Cell phone bills continue to rise despite illusion of a price war

Cell Phone Plan Comparison

It seems like there’s a different headline every week covering new cell phone service plans that offer subscribers more value for less money. AT&T and T-Mobile have been particularly aggressive in this regard, with each carrier having recently lowered the cost of various service plans several times in the past few months. But are subscribers actually benefiting from all these price cuts?

According to a recent report from The Wall Street Journal, wireless subscribers in the U.S. pay more for cell phone service each month now than ever before. A study conducted by New Street Research found that average monthly billings per user are actually continuing to climb despite the illusion of a “price war.”

The firm’s research suggests that average revenue per U.S. wireless subscriber climbed 2.2% to $61.15 in the fourth quarter last year. That figure is up $5.35 from the same quarter three years earlier, pointing to a steady rise despite the perception of increased price competition. Heavy smartphone sales have also played a big role in carriers’ increased billings, of course.

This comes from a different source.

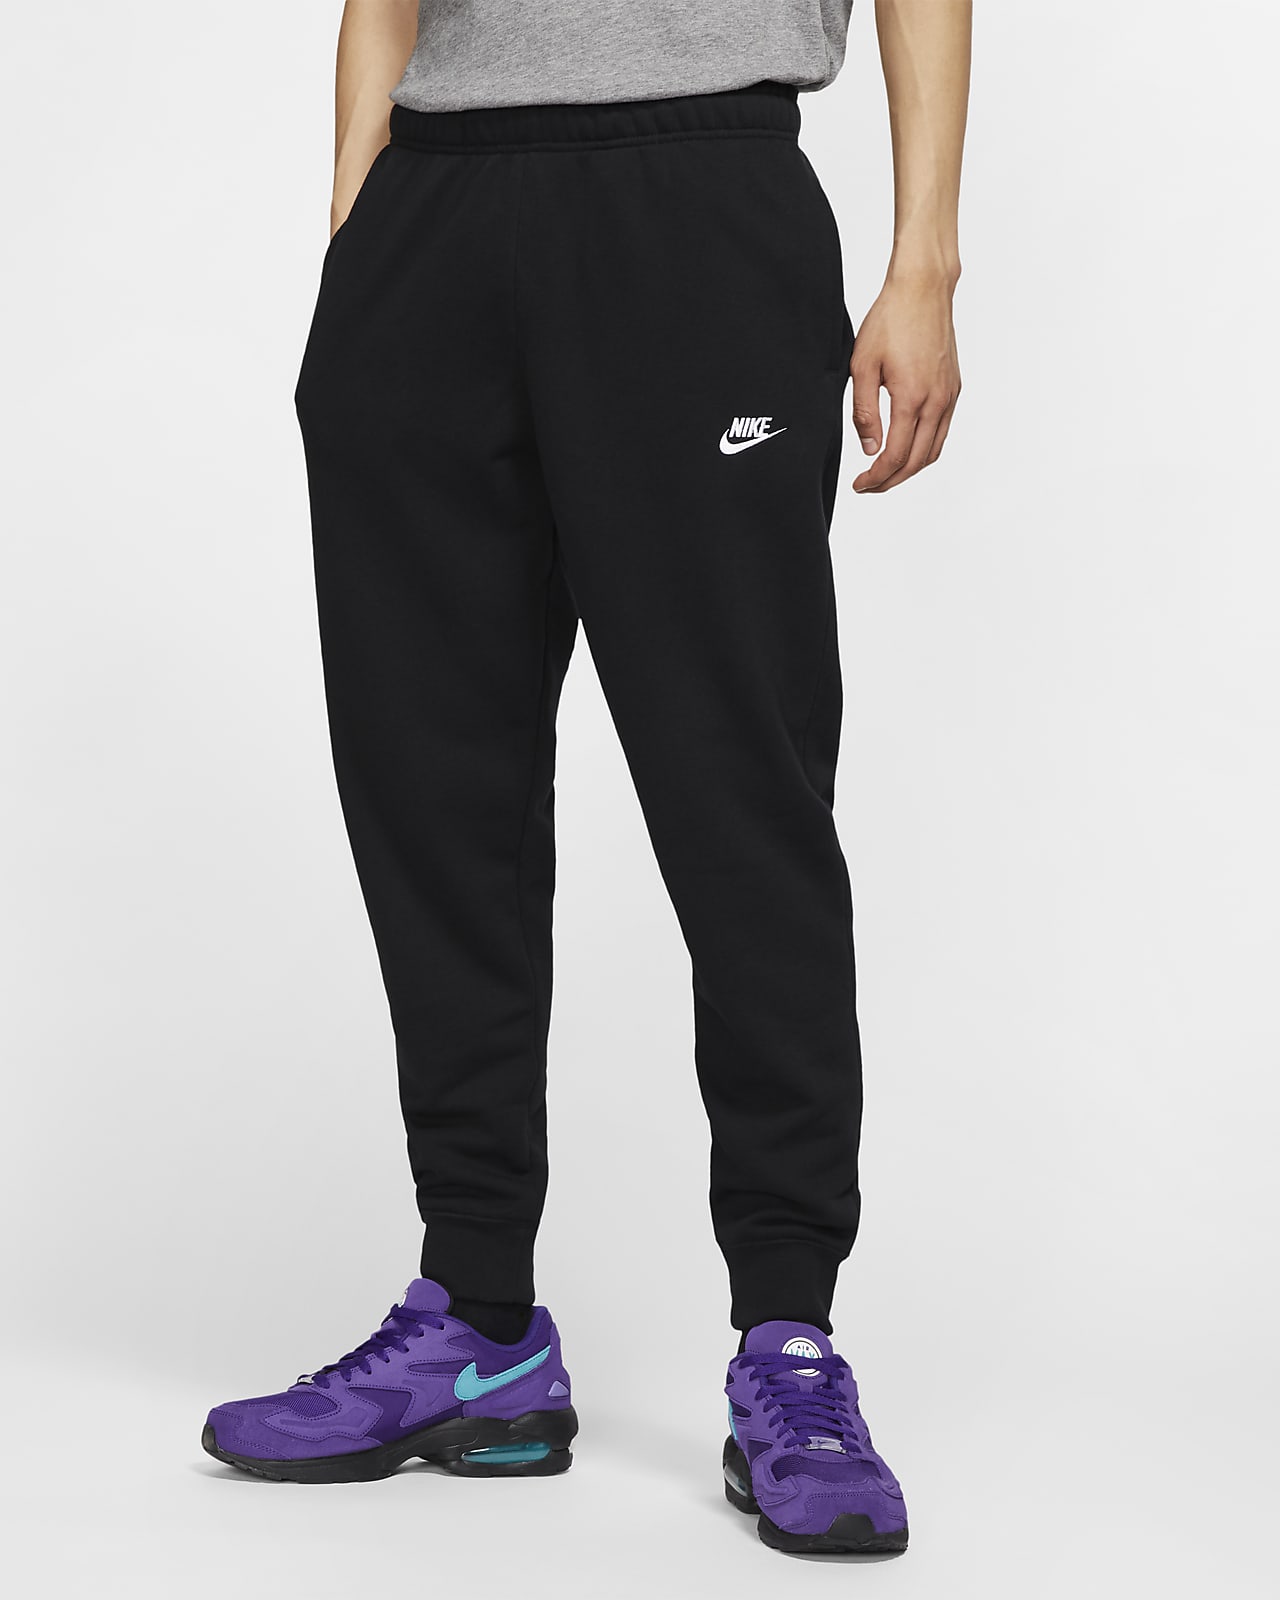 Nike Sportswear Club Joggingbroek voor heren

While the news that cell phone service revenue has actually climbed over the past few years seems curious when reconciled with various wireless marketing campaigns, even the carriers themselves admit that not much is actually changing.

“When you really analyze a lot of the pricing moves that have been made, there has not been a significant repricing,” T-Mobile’s CFO J. Braxton Carter admitted at Morgan Stanley’s technology conference last week.

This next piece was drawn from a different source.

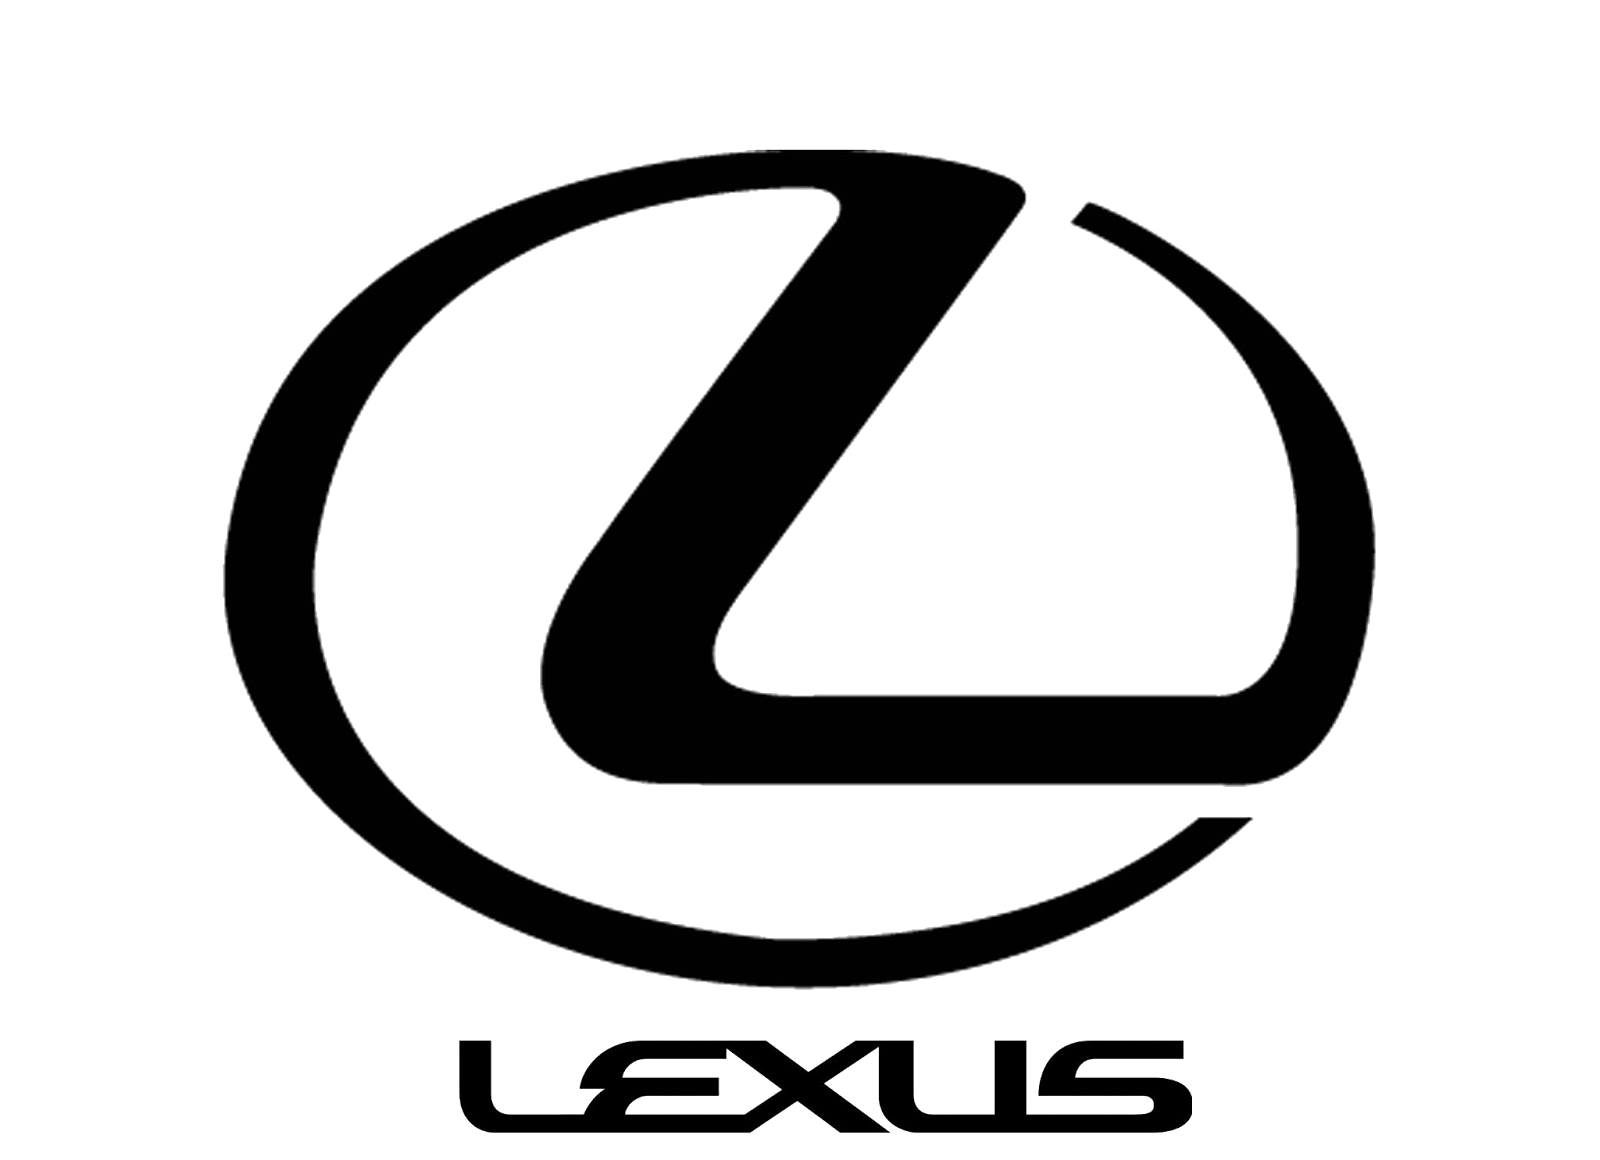 Lexus Logo - Lexus Logo, Lexus Car Symbol Meaning and History | Car Brand Names.com

Verizon CEO Lowell McAdam agrees. “I think it is interesting given my years in the industry, how you hear things like price war and all that being kicked around in the media today and this is really nothing different than we have seen over the last couple of decades,” McAdam said during Verizon’s most recent earnings call.

T-Mobile actually raised the cost of its unlimited smartphone plan late last week, and Verizon has for the most part stayed away from the ongoing “price war.”